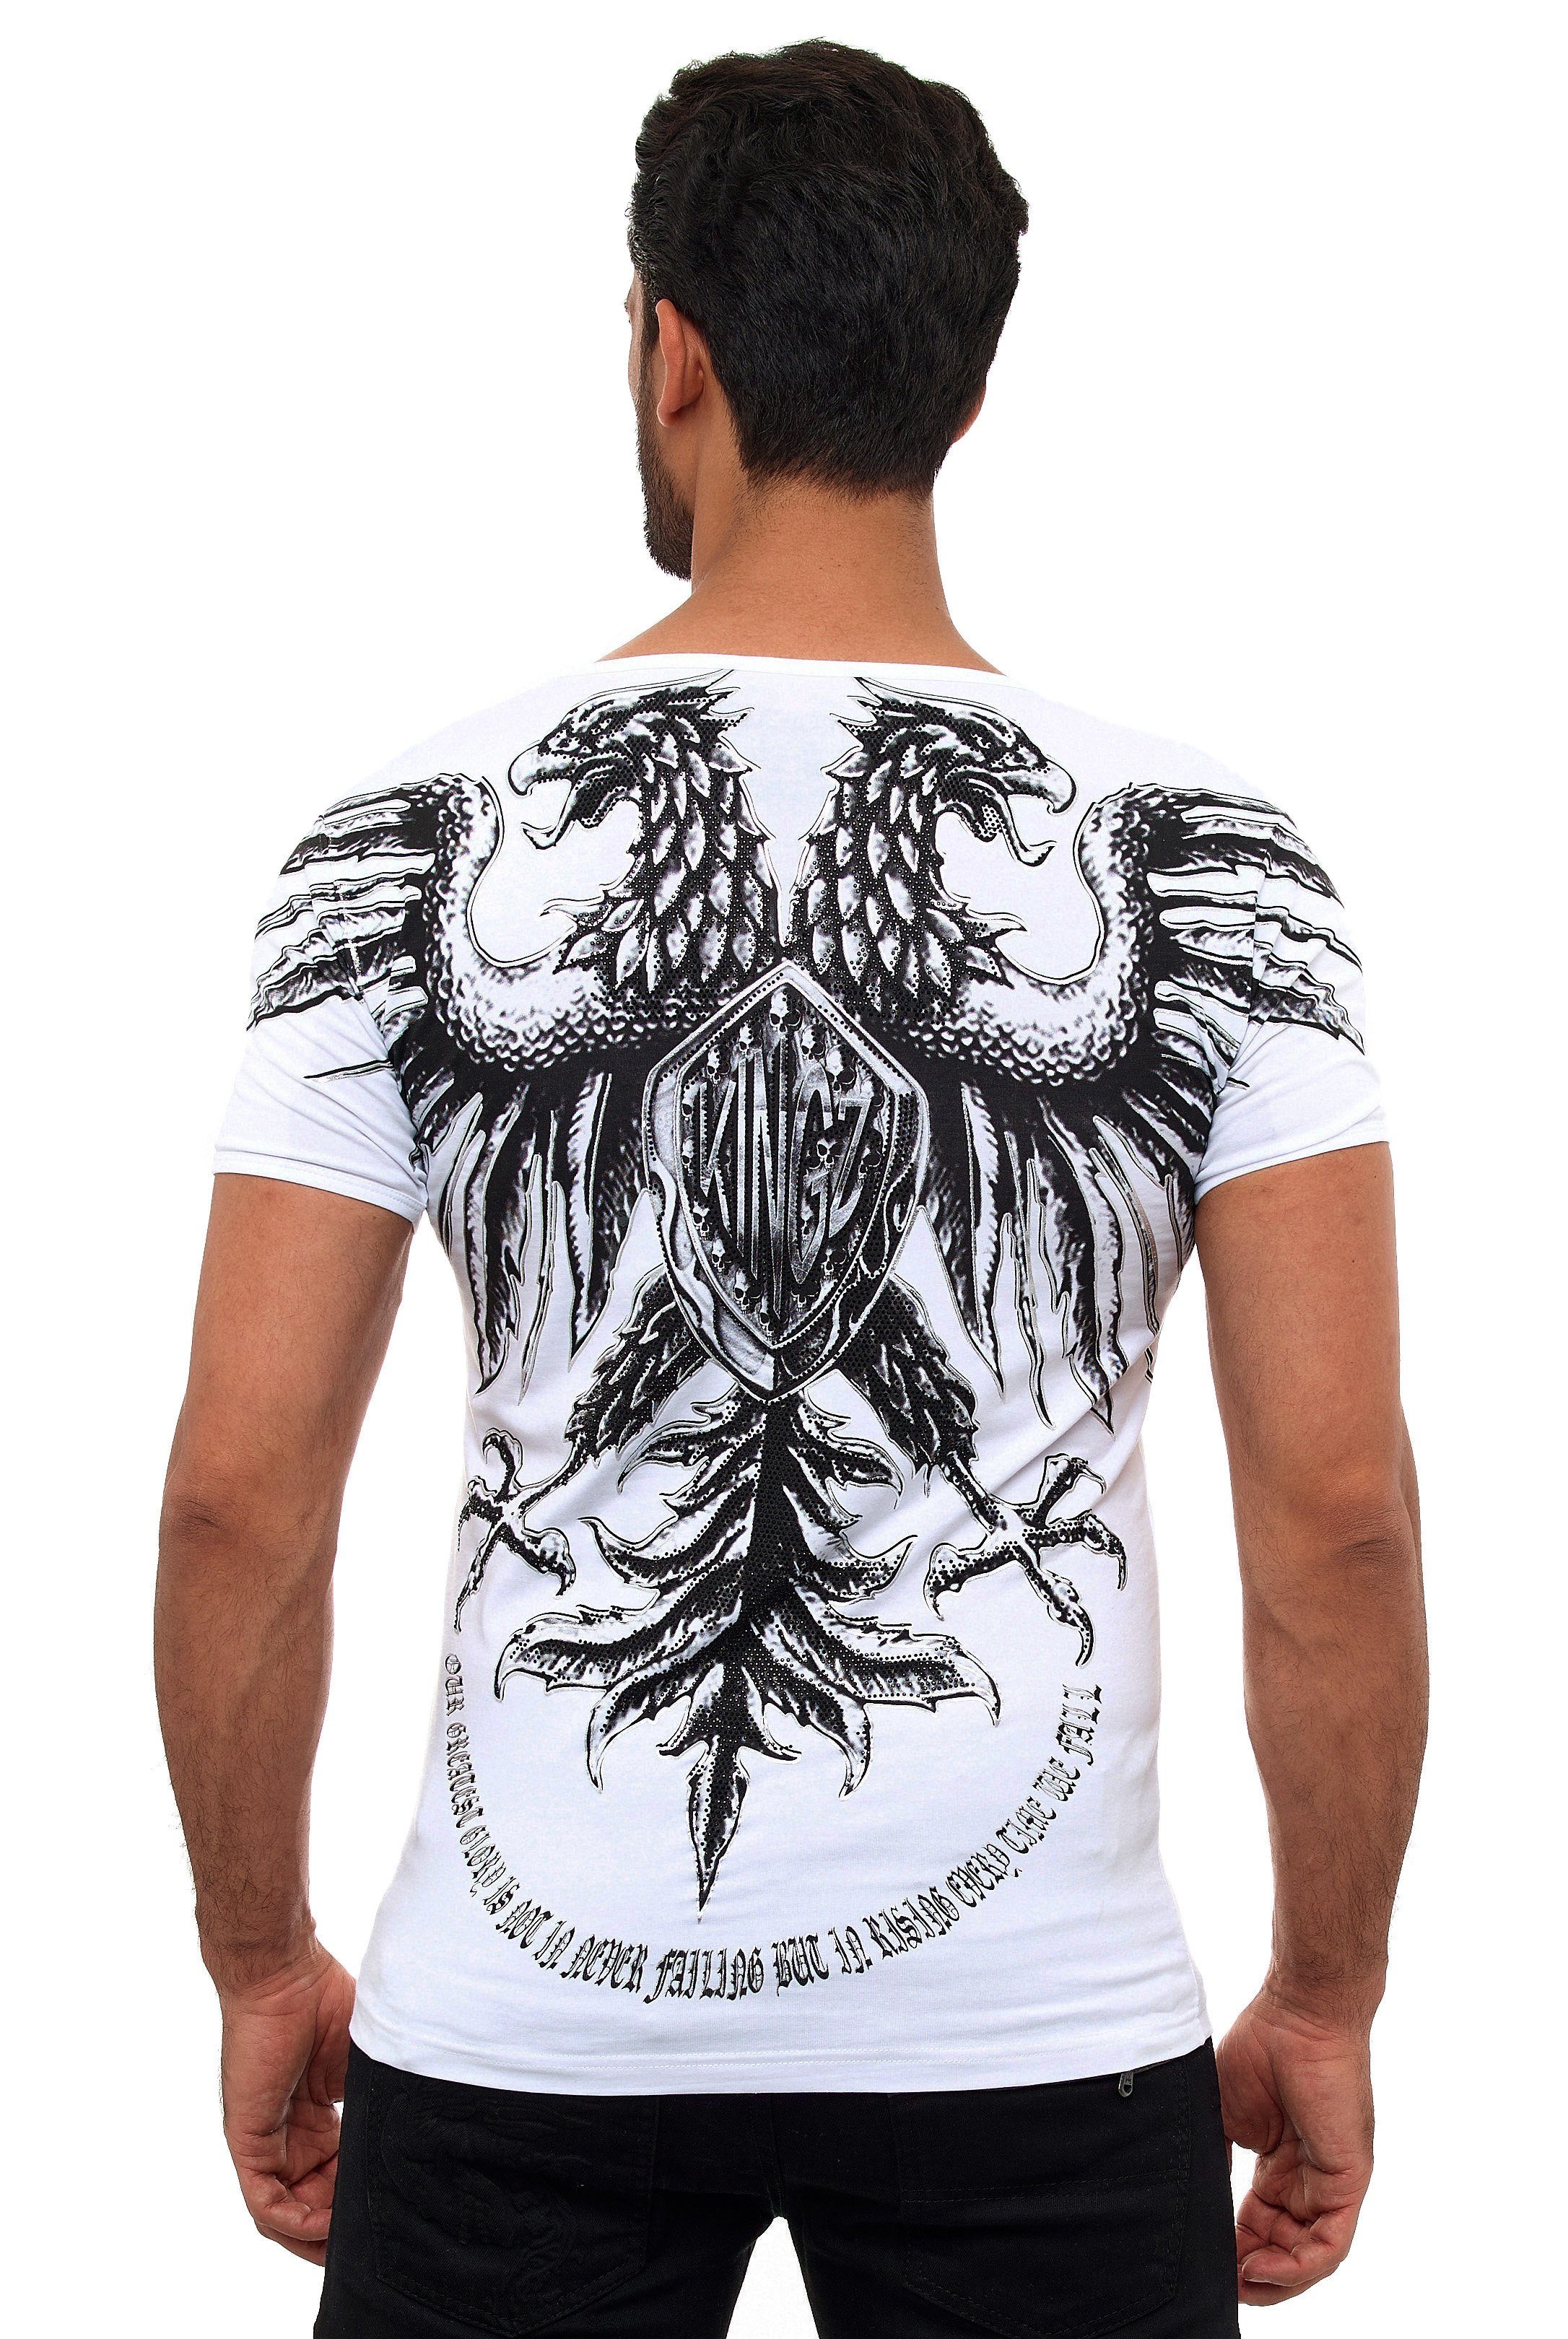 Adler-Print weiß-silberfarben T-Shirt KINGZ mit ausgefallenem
********
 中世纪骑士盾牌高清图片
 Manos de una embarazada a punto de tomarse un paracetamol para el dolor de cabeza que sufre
********
Where the listing above reaches the line that contains "中世纪骑士盾牌高清图片", start retyping, and finish with the line that contains "Manos de una"; reproduce those lines exactly and no others.

> Answer space
 中世纪骑士盾牌高清图片
 Manos de una embarazada a punto de tomarse un paracetamol para el dolor de cabeza que sufre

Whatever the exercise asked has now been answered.